• _Exercise prompt_
Using the listing below, reproduce exactly the lines from the one with "- There are two center oval Pigeon" through the last, with all pictures left out.

• _The data_

────────────────────────────────────────

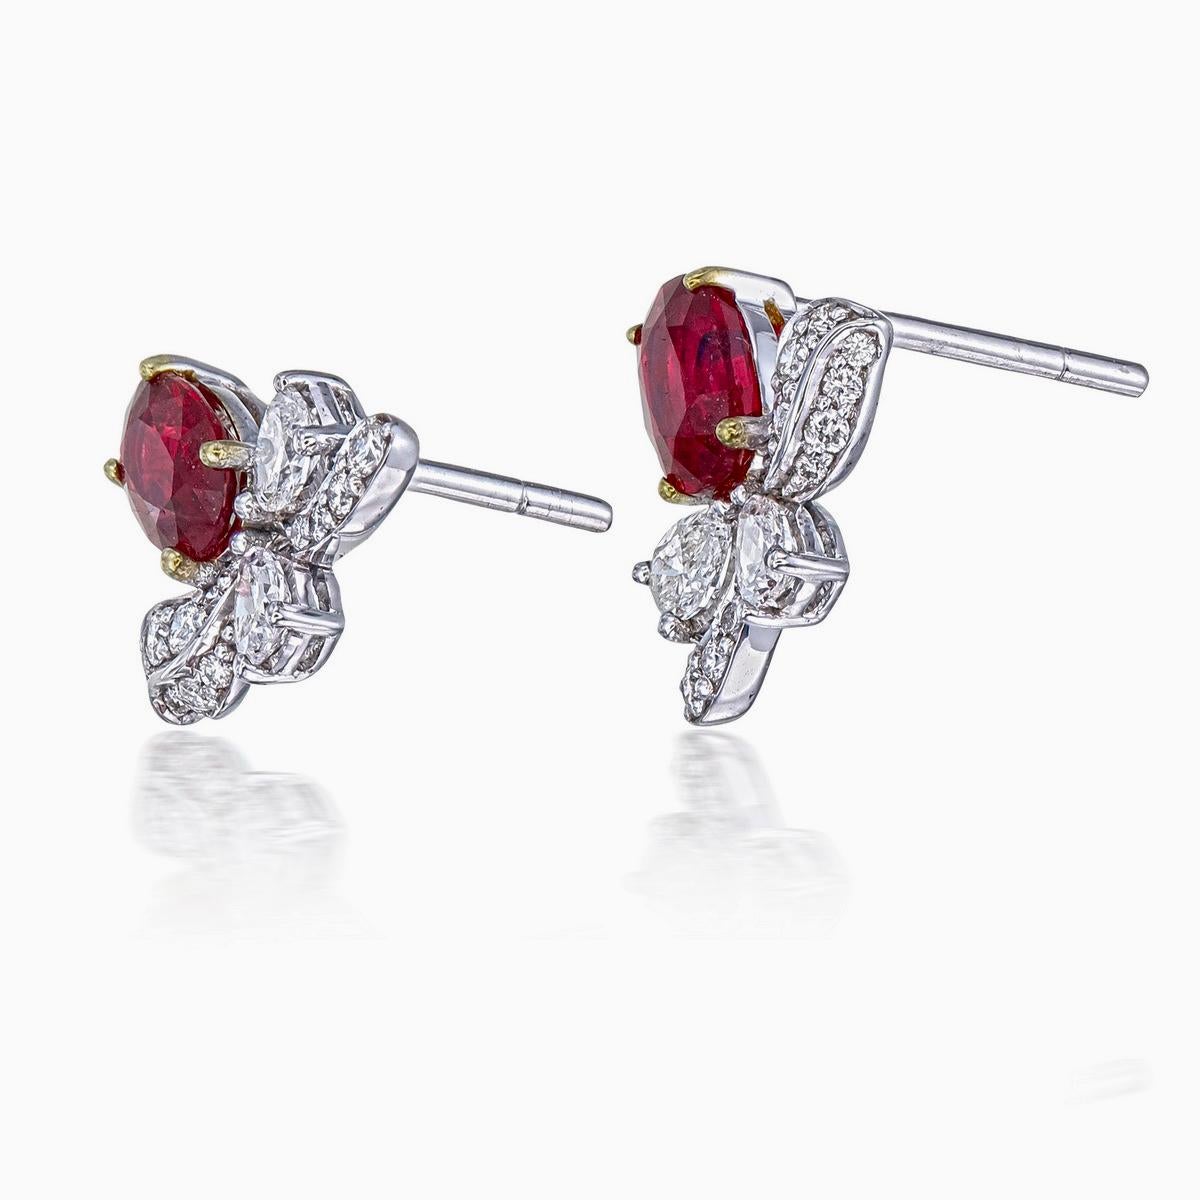 A pair of fine modern ruby and diamond earrings made in 18 Karat gold. This pair of earrings embraces minimalism with it's simple floral design while still displaying elegance; a great fit for lifestyle wear.

- There are two center oval Pigeon
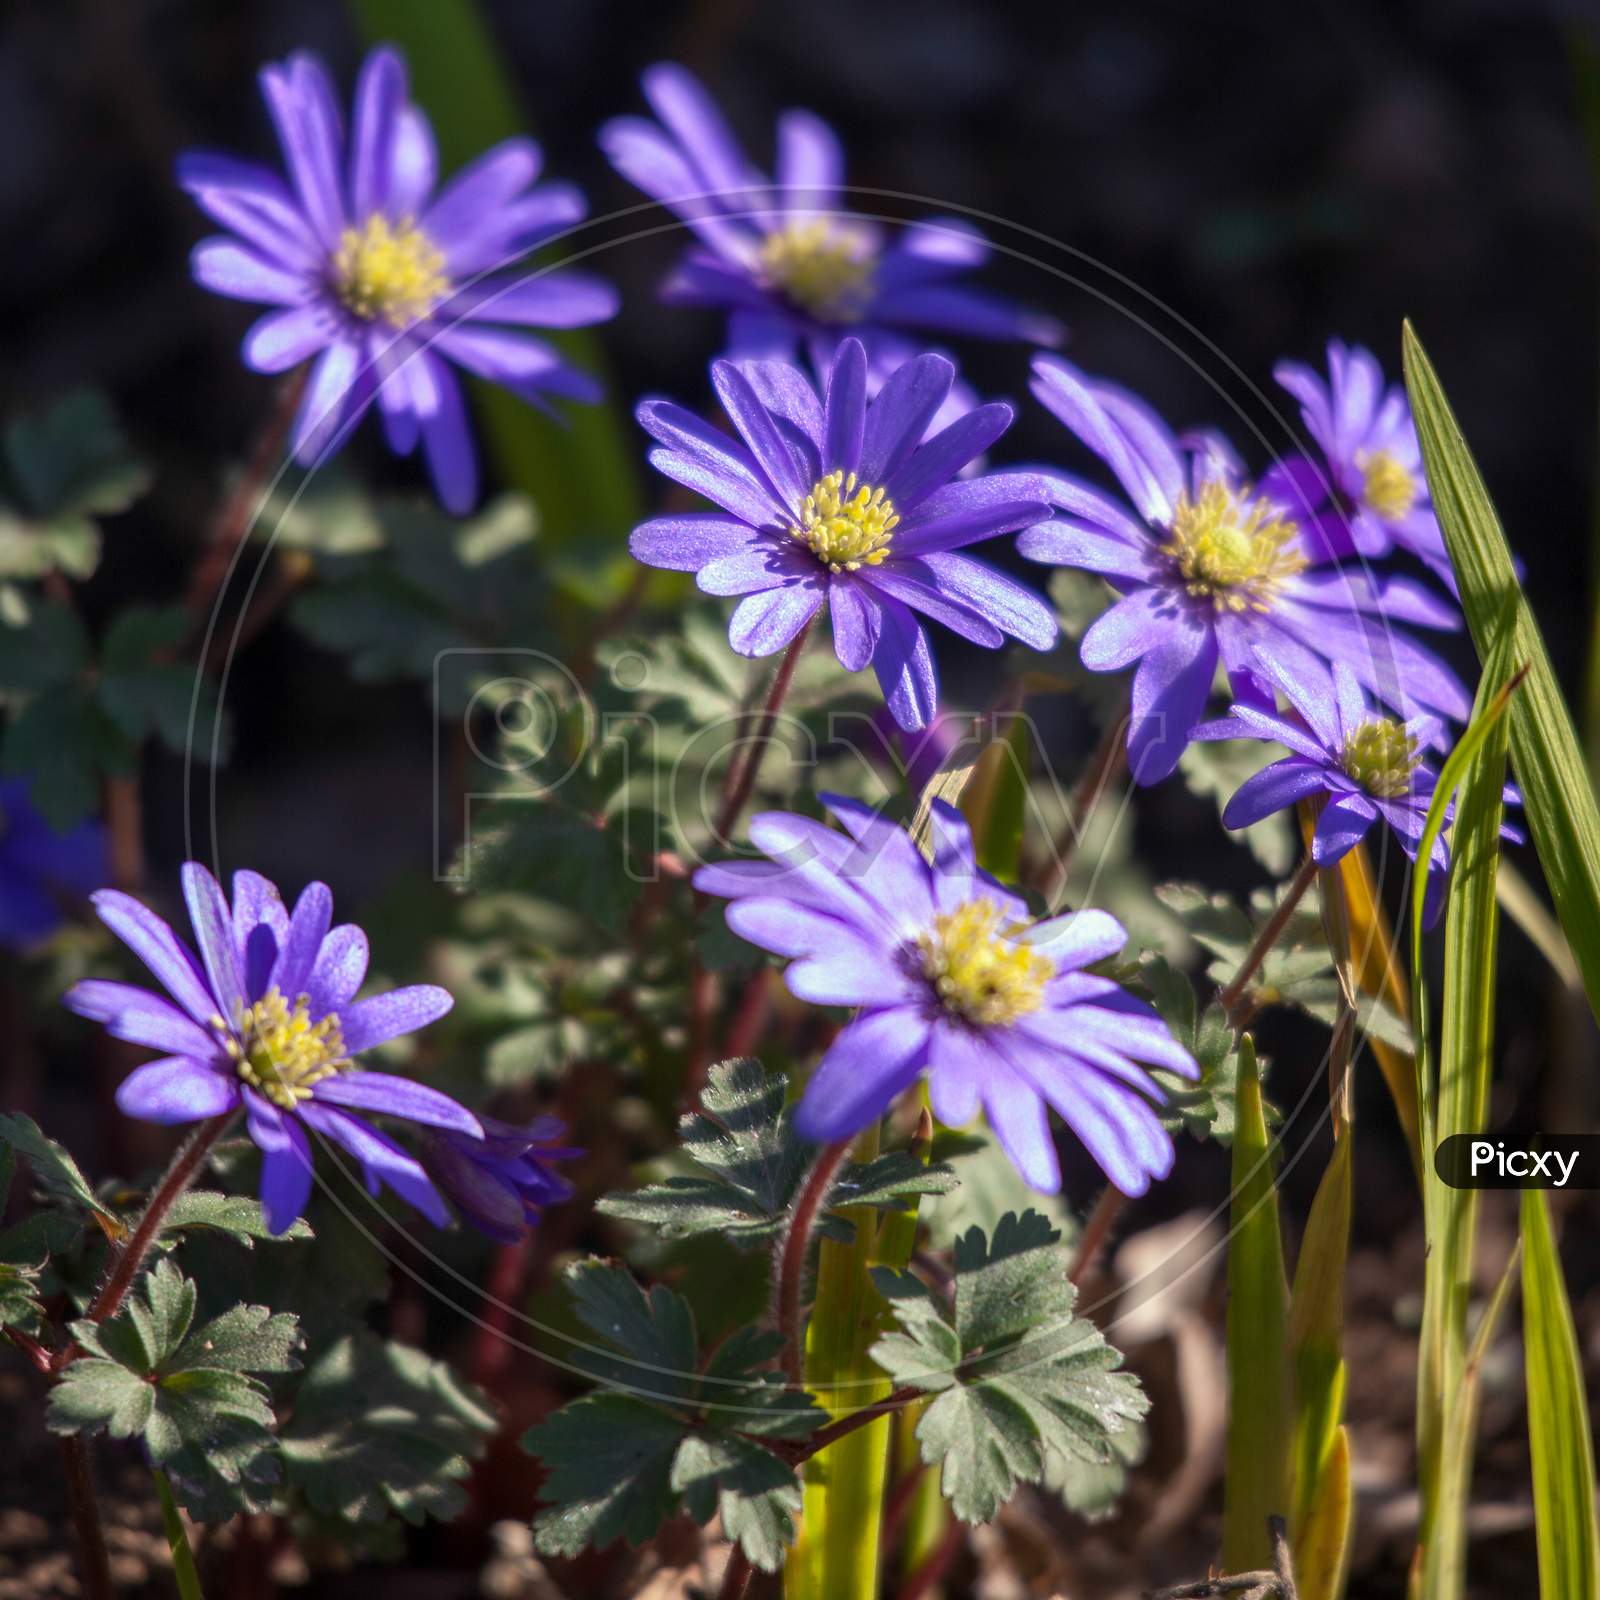 Blue Anemone Flowers With A Yellow Centre

────────────────────────────────────────

• _Your solution_
- There are two center oval Pigeon
 Blue Anemone Flowers With A Yellow Centre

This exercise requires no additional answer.